THE TASK:
Would you return the data exactly as given, except for its pictures?

PROVIDED DATA:
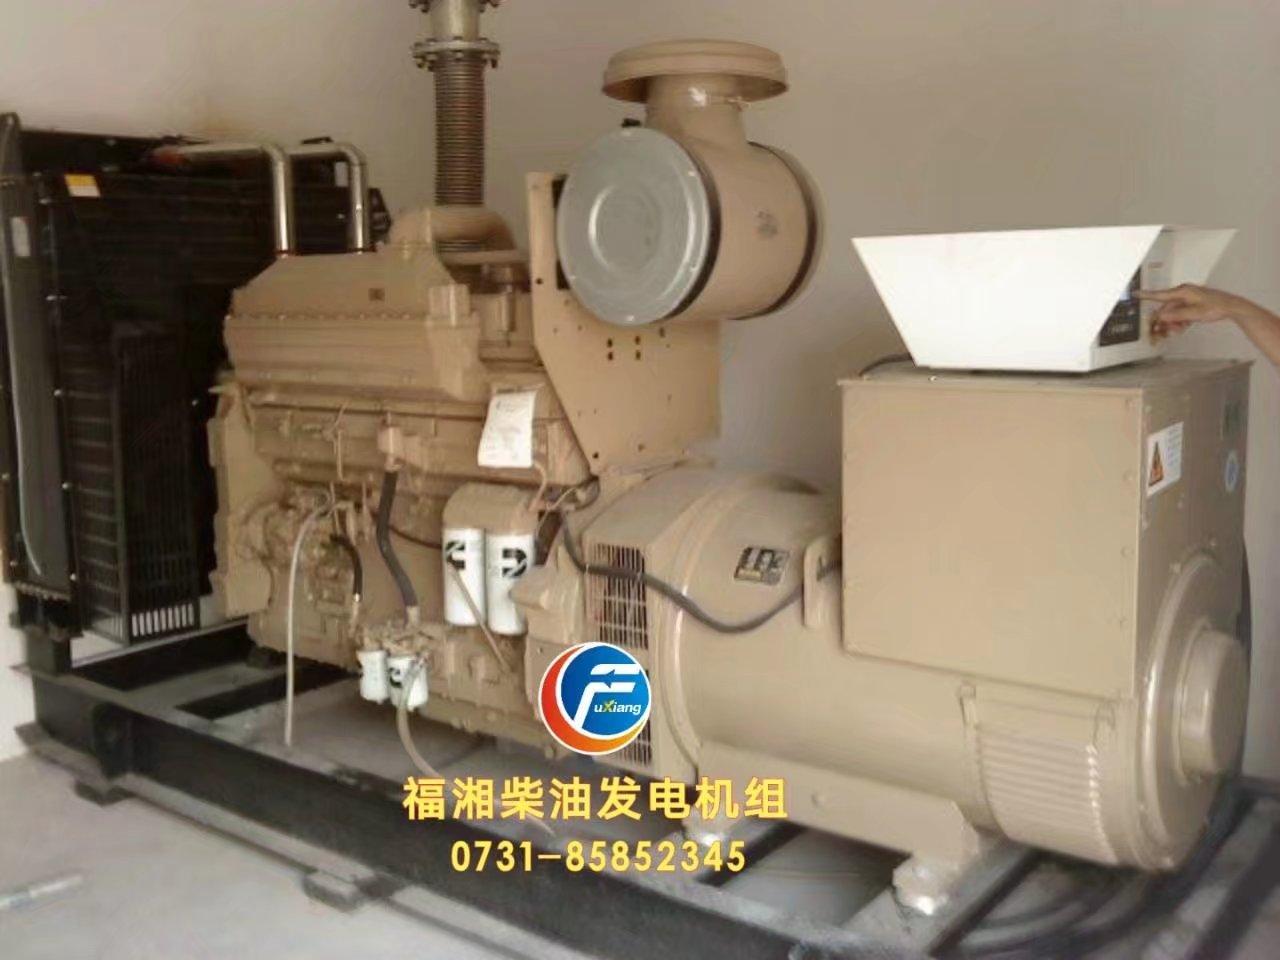 长沙湖南柴油发电机组厂家直销 供销湖南潍柴动力柴油发电机组
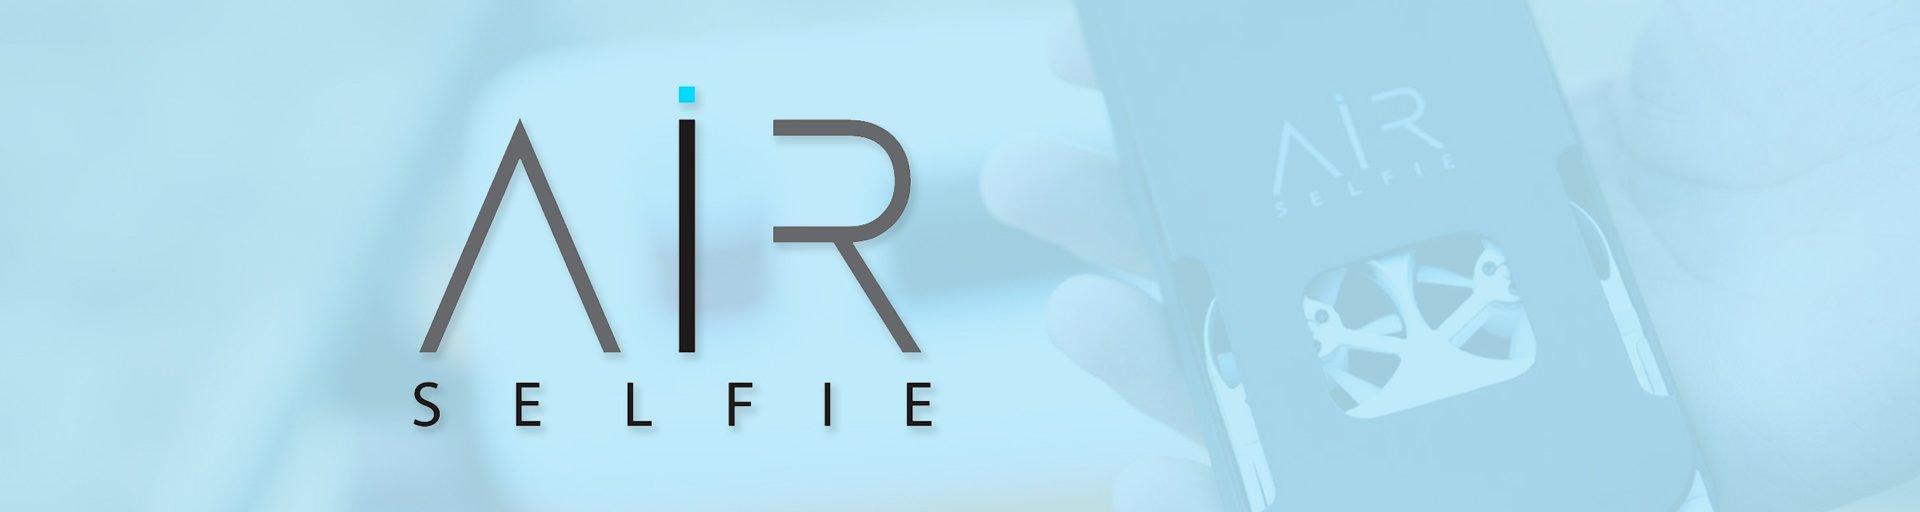 AirSelfie
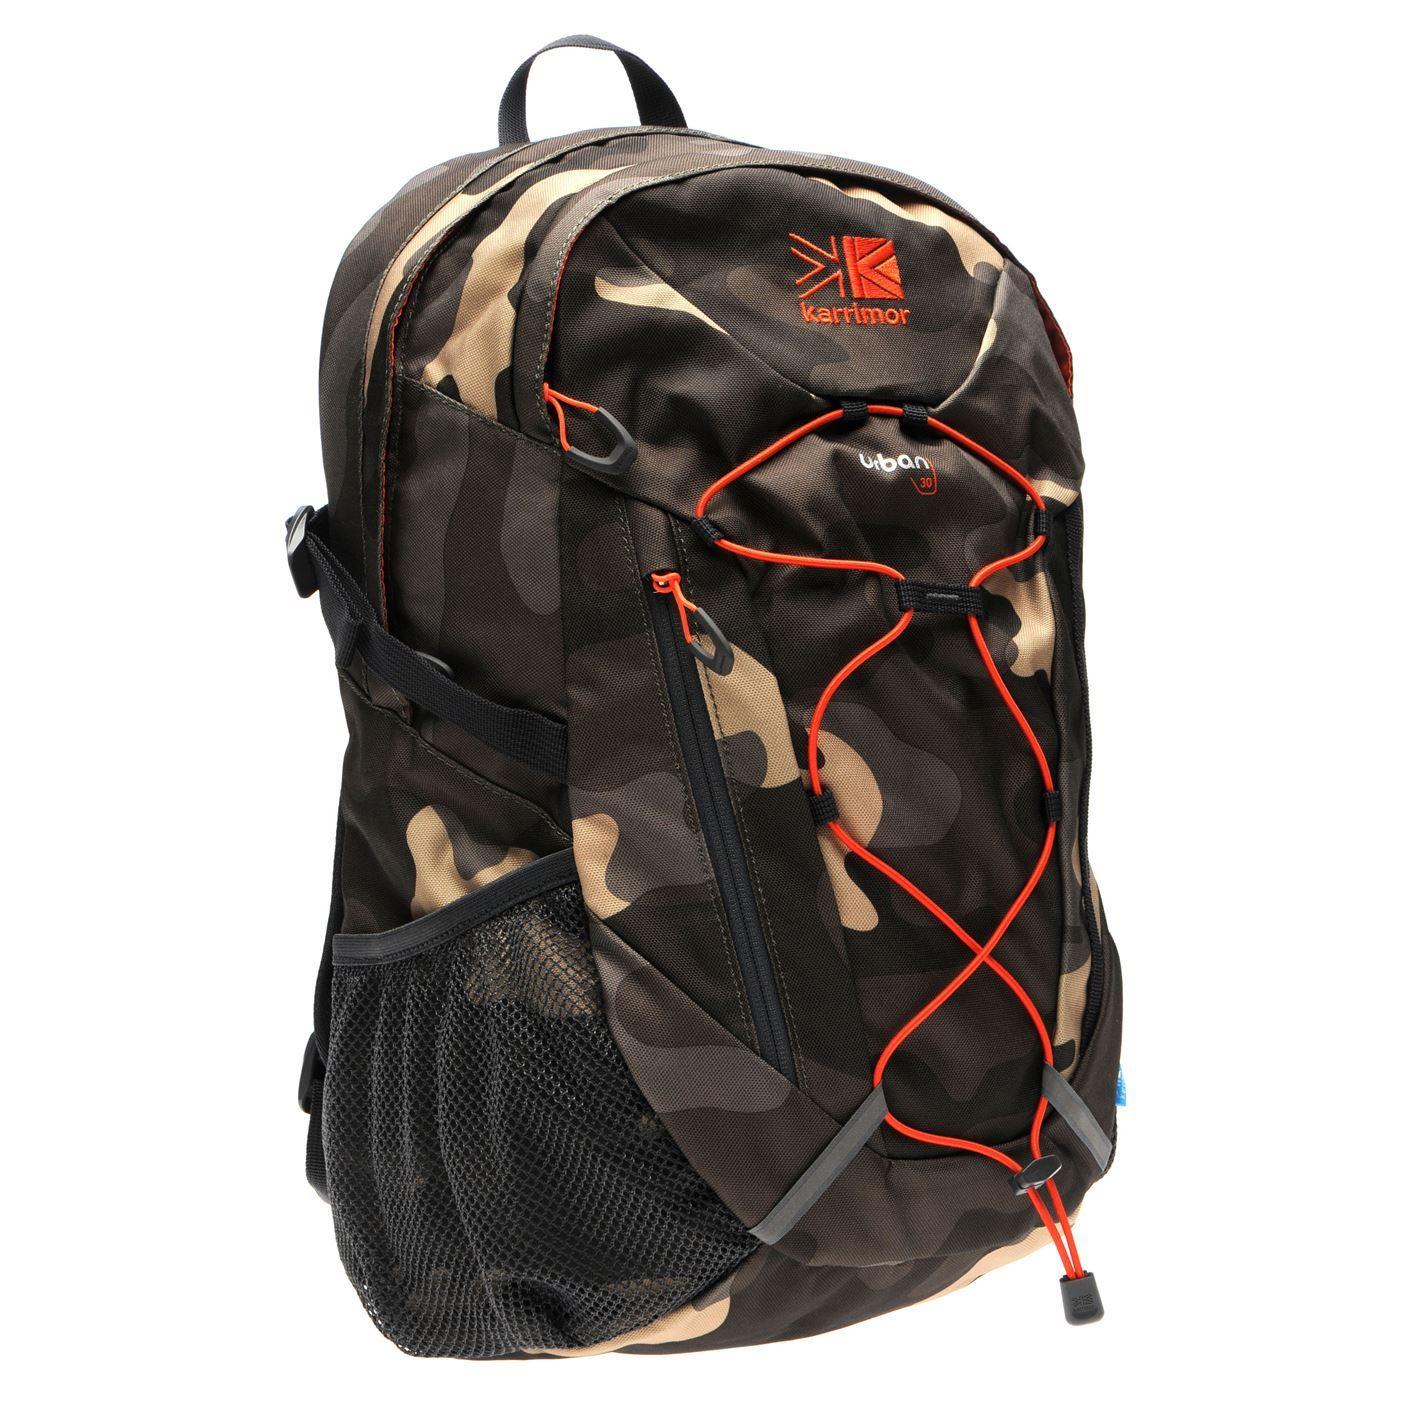 9c294a0c90 Karrimor Urban 30 Litre Rucksack Camouflage Orange Bag Backpack Carryall

WRITTEN ANSWER:
 长沙湖南柴油发电机组厂家直销 供销湖南潍柴动力柴油发电机组
 AirSelfie
 9c294a0c90 Karrimor Urban 30 Litre Rucksack Camouflage Orange Bag Backpack Carryall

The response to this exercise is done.